2006年【皐月号】
vol.67

 九州一の歓楽街中洲。その明治通り沿いにある「魚魚(とと)や」の入ったビル松居壹番館の東側、隣のビルとの僅かな隙間に「福岡藩精錬所跡(ふくおかはんせいれんしょあと)」と書いた石碑が建っています。福岡藩精錬所は幕末の弘化四年(一八四七)に、福岡藩最後の殿様黒田長溥(ながひろ)の命によって造られた理化学研究所で、現在の松居壹番館・東京第一ホテル一帯に敷地がありました。
 黒田長溥は「蘭癖(らんぺき)大名」と噂されたくらい、西洋の知識・技術を取り入れることに熱心な殿様でした。長溥は藩内の有能な人材を、家柄や出身に関係なく抜擢して、長崎などに派遣し、西洋の科学技術や医学を学ばせ、精錬所で実験や製作をさせました。  鉄砲鍛冶の小島伝平・鋳物師(いもじ)の磯野七平・大工の津田又市などに鉄砲や機械、古川俊藏に写真術、永野円助に時計、小川宇平にガラスの製造技術を研究させました。こうして長崎で新技術を習得した人たちが、精錬所で働き、技術を伝授し、武器・ガラス・陶器・青貝細工・製薬・写真・時計・博多織などの製品がつくられました。これらは精錬所の経費をまかなうために販売されましたが、大変な人気を博しました。
 ガラス技術を学んだ小川は、放生会のチャンポンをつくったといわれ、藩主長溥自身も、ここで行われた石炭の分析などもふまえて、幕府高官や諸侯の間でも有名なほど、石炭に関する知識が豊富だったと伝えられています。また精錬所には、長崎でオランダ人の指導で造った蒸気機関車も据え付けられていました。福岡藩と交代で長崎警備を務めた佐賀藩でも、藩主鍋島直正が精錬所を建設し、そこに莫大な経費を投入して反射炉を築き鋼砲を製造しています。これは全国的にも画期的な事でした。
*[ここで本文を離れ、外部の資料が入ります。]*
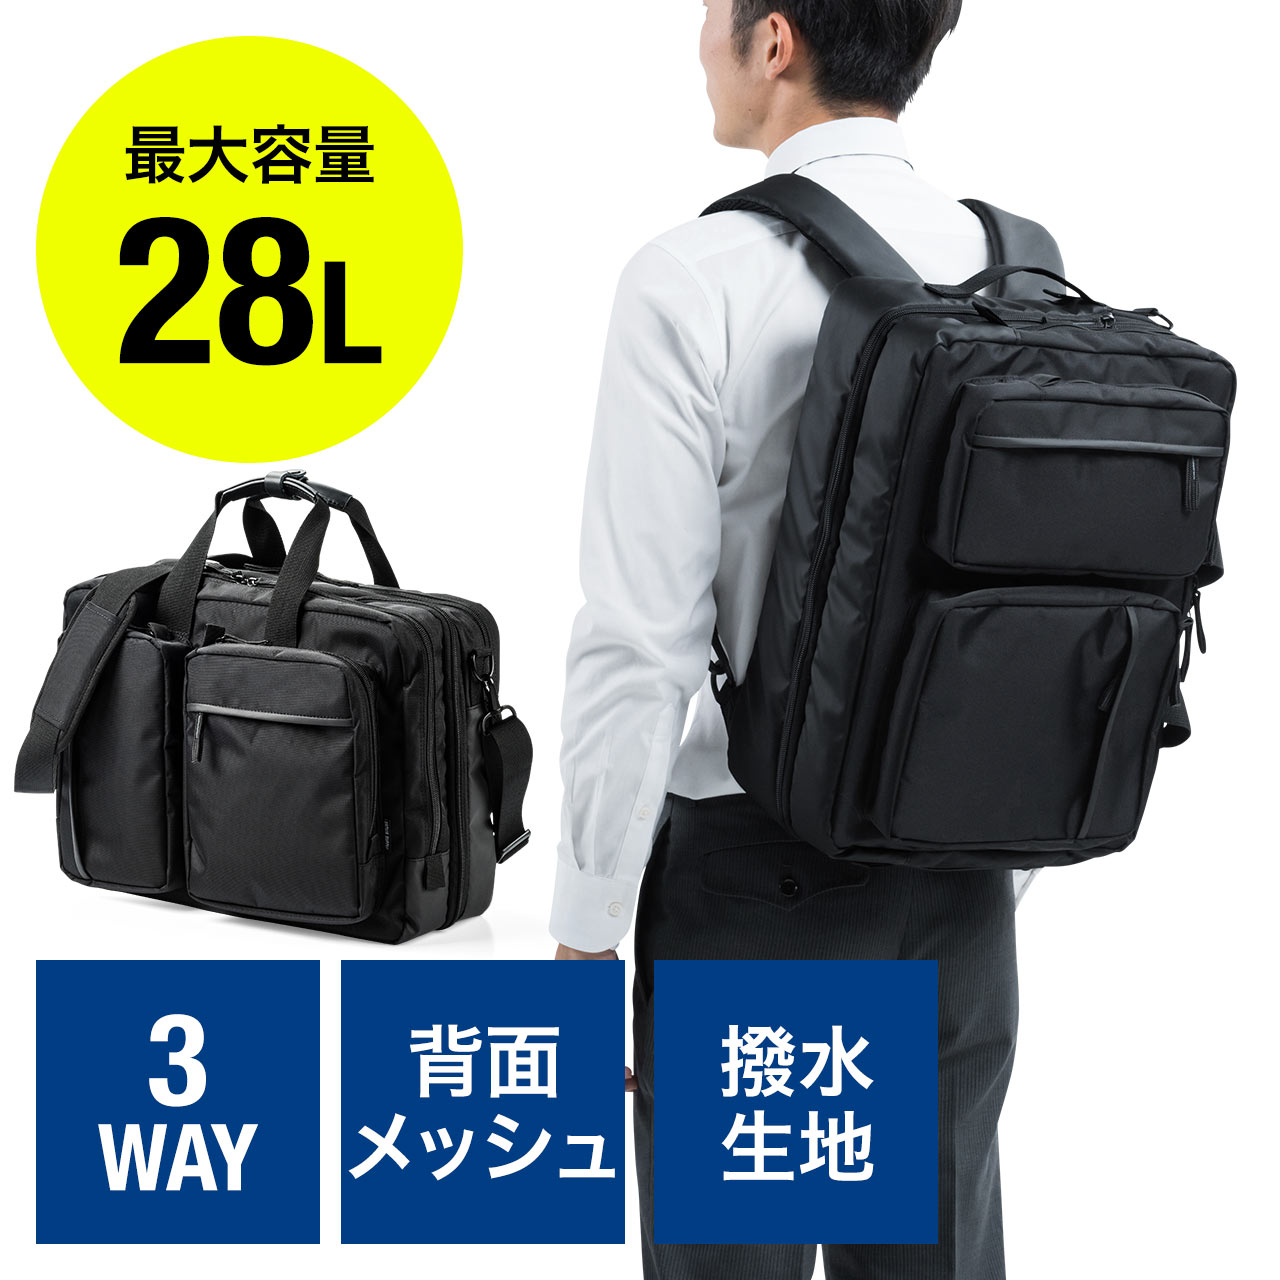 7cb6f0a6f31a 3WAYビジネスバッグ(リュック対応・メッシュ使用・大容量・28L) サン... 価格¥7,480

 精錬所ができる前の中洲の様子を見てみますと、博多と福岡を結ぶメインストリートに沿った中島町は賑わいを見せていましたが、それより北は「北の新地」あるいは「浜新地」、南は「岡新地」あるいは「中洲畠」とよばれた耕作地でした。そんな岡の新地に突如現れた精錬所。博多の文明開化はまさに此処に始まったと言えましょう。

「福岡藩精錬所跡」石碑
【初鰹】
 俳人山口素堂が、「目には青葉山ほととぎす初鰹」という句を詠んだのは、江戸中期。初鰹は、江戸の人々にこよなく愛された、この季節の代表的な食べ物です。  鰹は季節とともに海をめぐる硬骨魚で、南の暖かい海に生まれ、フィリピン沖から黒潮に乗って太平洋沖にやってきます。春先には駿河湾沖でイワシを餌に丸々太り、五月ごろ、静岡県や千葉県などの漁港に水揚げされるのが、いわゆる「初鰹」です。  この時期の鰹を「初鰹」と呼んで珍重するようになったのは江戸時代から。初物にことさらうるさかった江戸っ子たちは、「初物を食うと七十五日長生きする」といってナス、キュウリにいたるまで初物食いに夢中だったといいます。中でも初鰹は、「七十五日」の十倍に当たる「七五〇日」も長生きできるともてはやされていたそうです。
 「女房を質に入れてでも食べたい初鰹」などという、江戸っ子の意気込みを表した言葉も生まれたほど、初鰹は江戸の初夏の味を代表する風物なのです。